For the decade that Brie Ruais has been pressing and prodding clay into sculptural works, each the equivalent of her body weight, her art has asserted an implicit material connection to the earth. Recently, the Brooklyn-based artist has made that connection to land explicit. In a series from 2018–19, Ruais mapped her garden, Borges-style, her clay record of the area at one-to-one scale with the terrain represented. Ruais spread her earthen matter of choice over paving and other earthen matter, imprinting the clay with the pressure of her hands and feet as well as plant material from the site. As has been her method, she then cut the irregularly shaped slab into sections, applied glaze selectively, fired the tiles, and regrouped them on the wall. Ruais’s work has long chronicled the process of its own making; now it also chronicles place.

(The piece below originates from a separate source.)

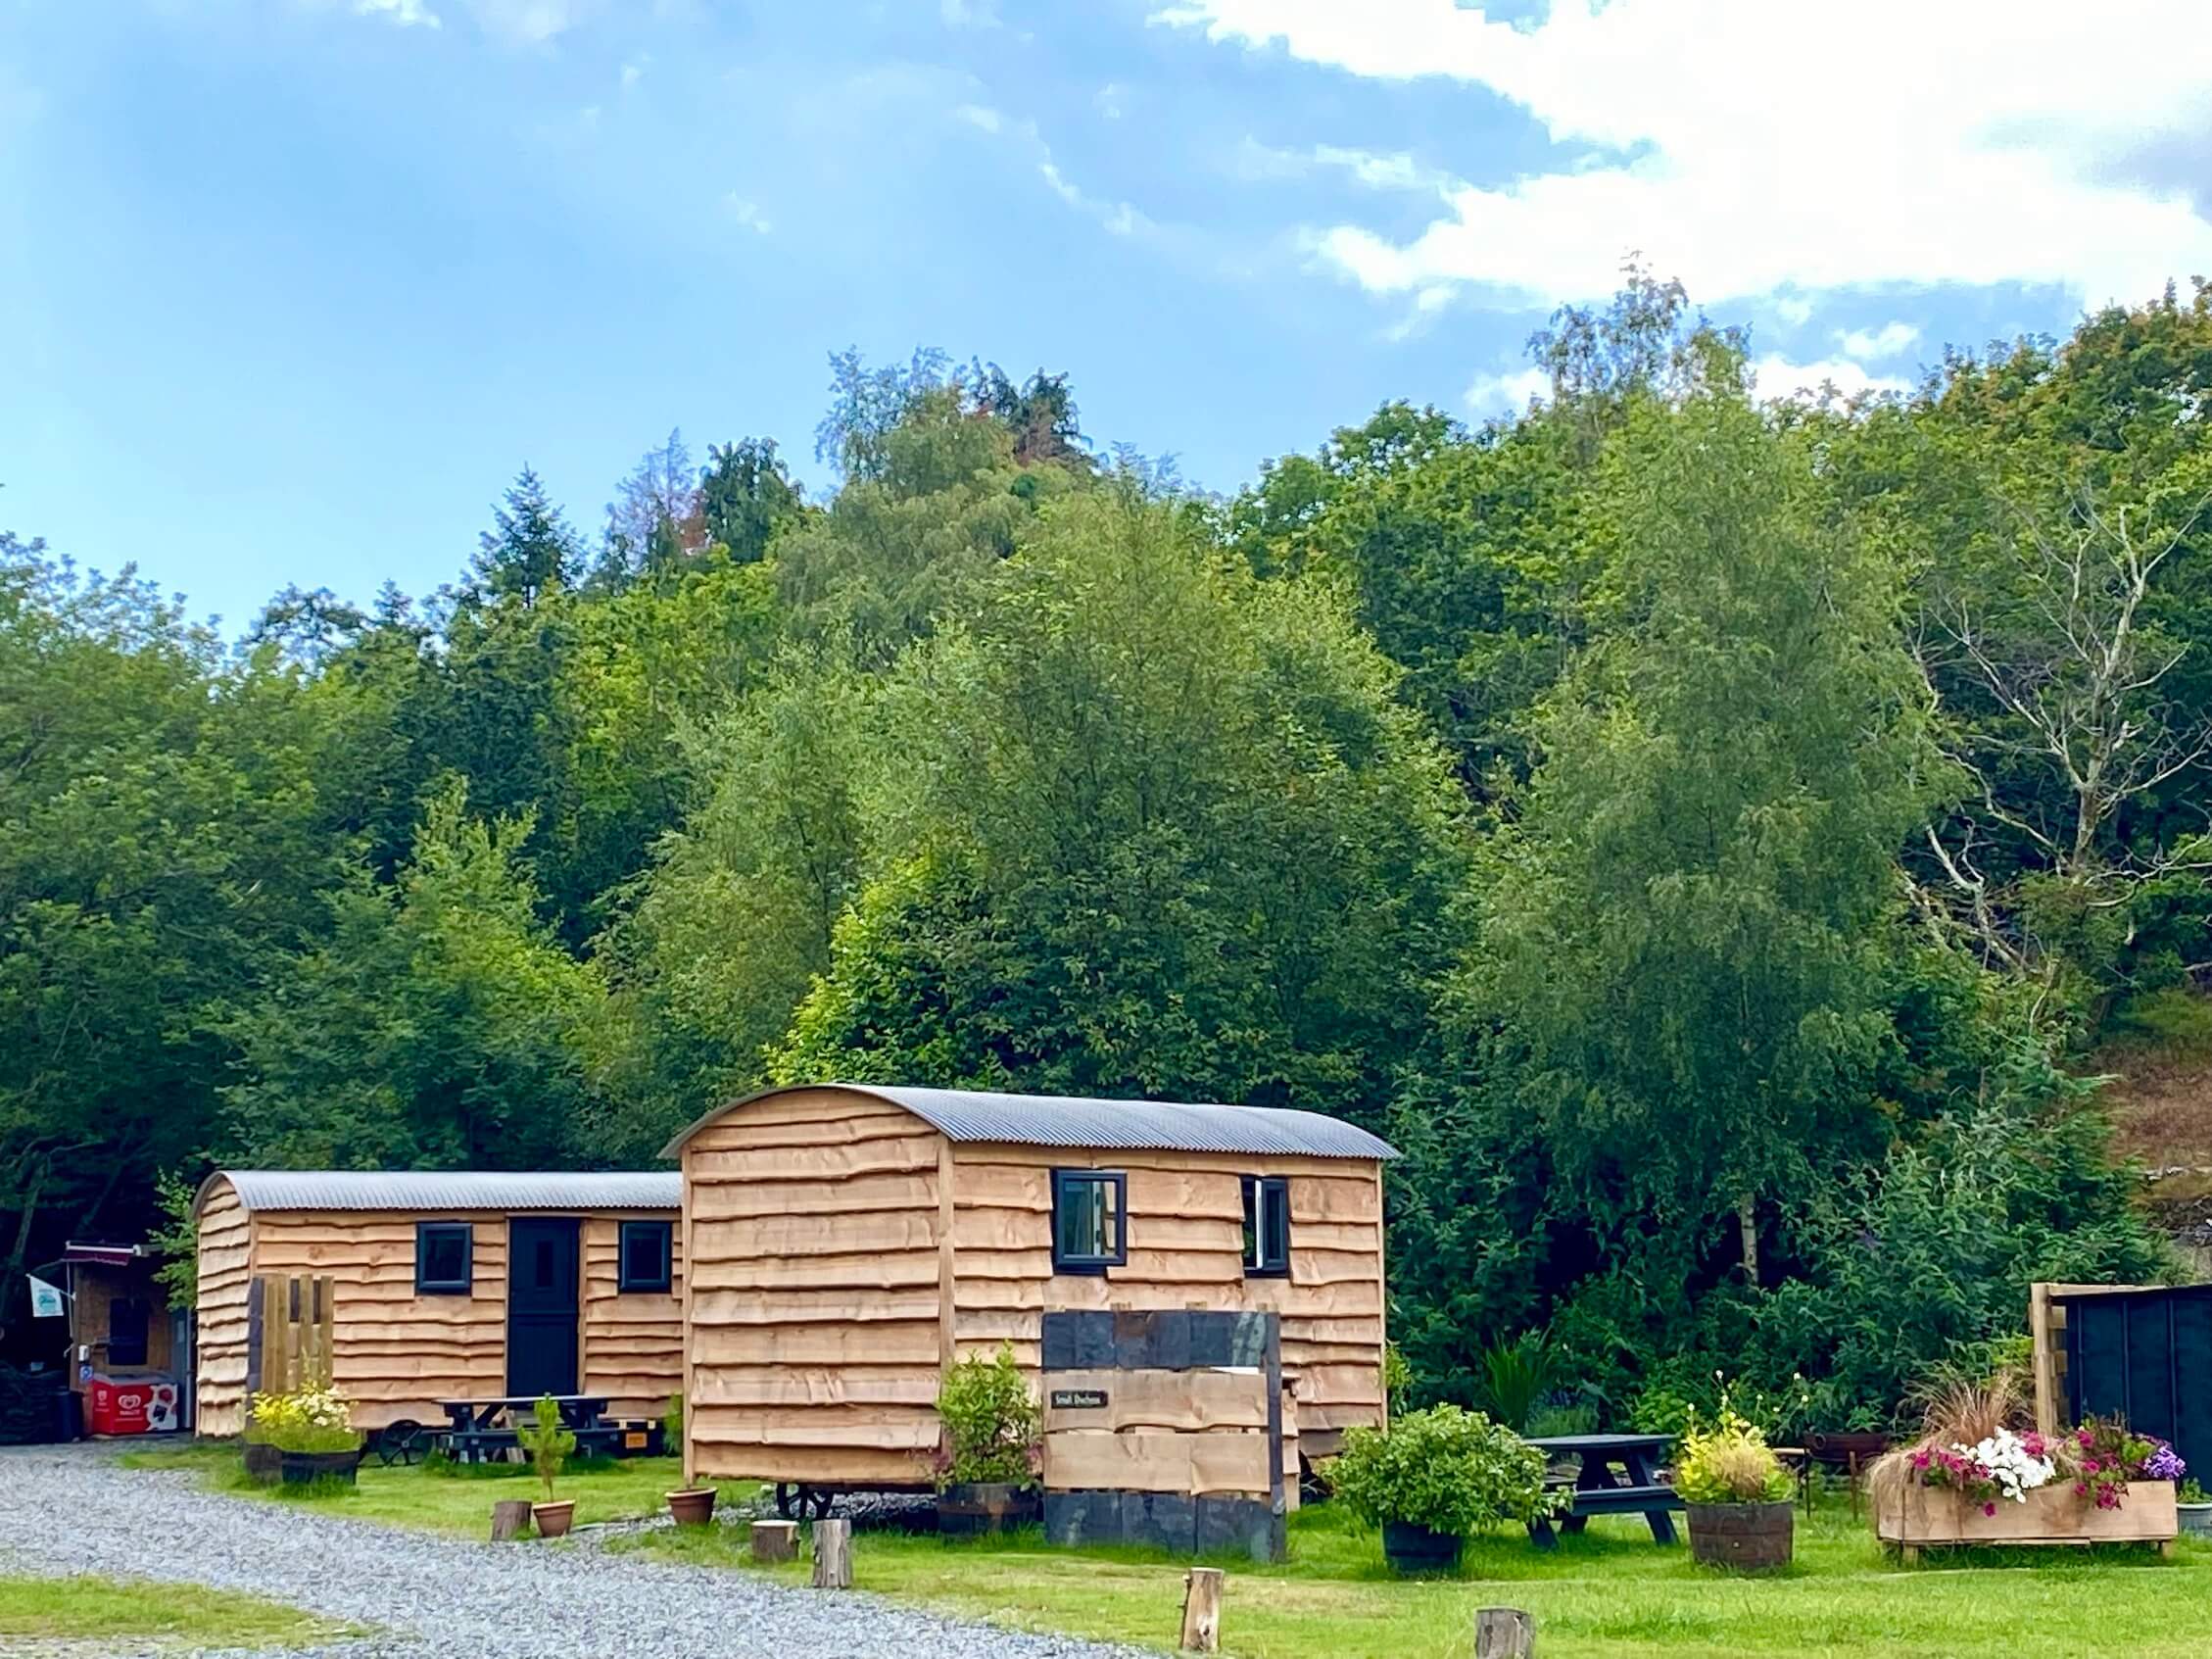 Campsite In Snowdonia Wales, Snowdonia Accommodation, Glamping North Wales, Self catering Accommodation

The pieces shown at Night Gallery—sculptures, photographs, and an installation (all 2020)—derive from road trips to the Western states. Reviewing a Ruais show in Los Angeles in 2014, I wrote that she made “earthworks on the scale of the individual body.” Her own weight continues to serve as a metric, while her own knuckles, knees, fingers, and toes remain her tools for shaping spirals, C-curves, and centrifugal patterns. But now the scale and scope of the work have expanded with Ruais’s adoption of the Great Basin in Nevada as both source and setting. The shift aligns her ever closer with site-specific, process-oriented, performative precedents of the ’60s and ’70s by artists as diverse as Michelle Stuart, Judy Chicago, Ana Mendieta, and Richard Long.
Four color photographs in the show, shot with a drone-mounted camera, offered aerial views of unfired sculptures Ruais made and left in situ. These ephemeral interventions, primal marks of presence acted upon by weather and time, call attention to geological phenomena as well as to functional purposes assigned to the land. The pictures’ elevated perspective flattens the scenes and reduces Ruais’s rugged gestures to pictographs, resonant with other distilled features nearby, including the lines of animal and vehicular trails. Three Seasons Passed looks down upon a letter X in clay that has devolved into a pale rust tattoo on the desert’s bleached, parched skin. Another image depicts crosshairs that Ruais has drawn in clay in a clearing. Aerial surveillance is cast here as an instrument of dominance and threat, with the land itself as target.
Several of the wall-mounted sculptures in the show incorporate rocks Ruais gathered from the desert, which added emphatic punctuation to the already dynamic swirls and bursts, glazed in painterly swipes of pewter, wine, jade, and milk. An installation constructed in the gallery, a long, low rock wall imposing a border between unfired stoneware starbursts on the ground, one white, one reddish-brown, introduced metaphors of social critique, in its form and title: The things we build, the things we let fall apart, the things we destroy.
Ruais’s work has a palpable, here, now immediacy. Even so, it assumes a kind of conceptualizing distance, a meta-perch over the essentials of time, place, raw matter, motion, the body. Ultimately, what she sculpts are the pulsing energies and directional forces animating it all.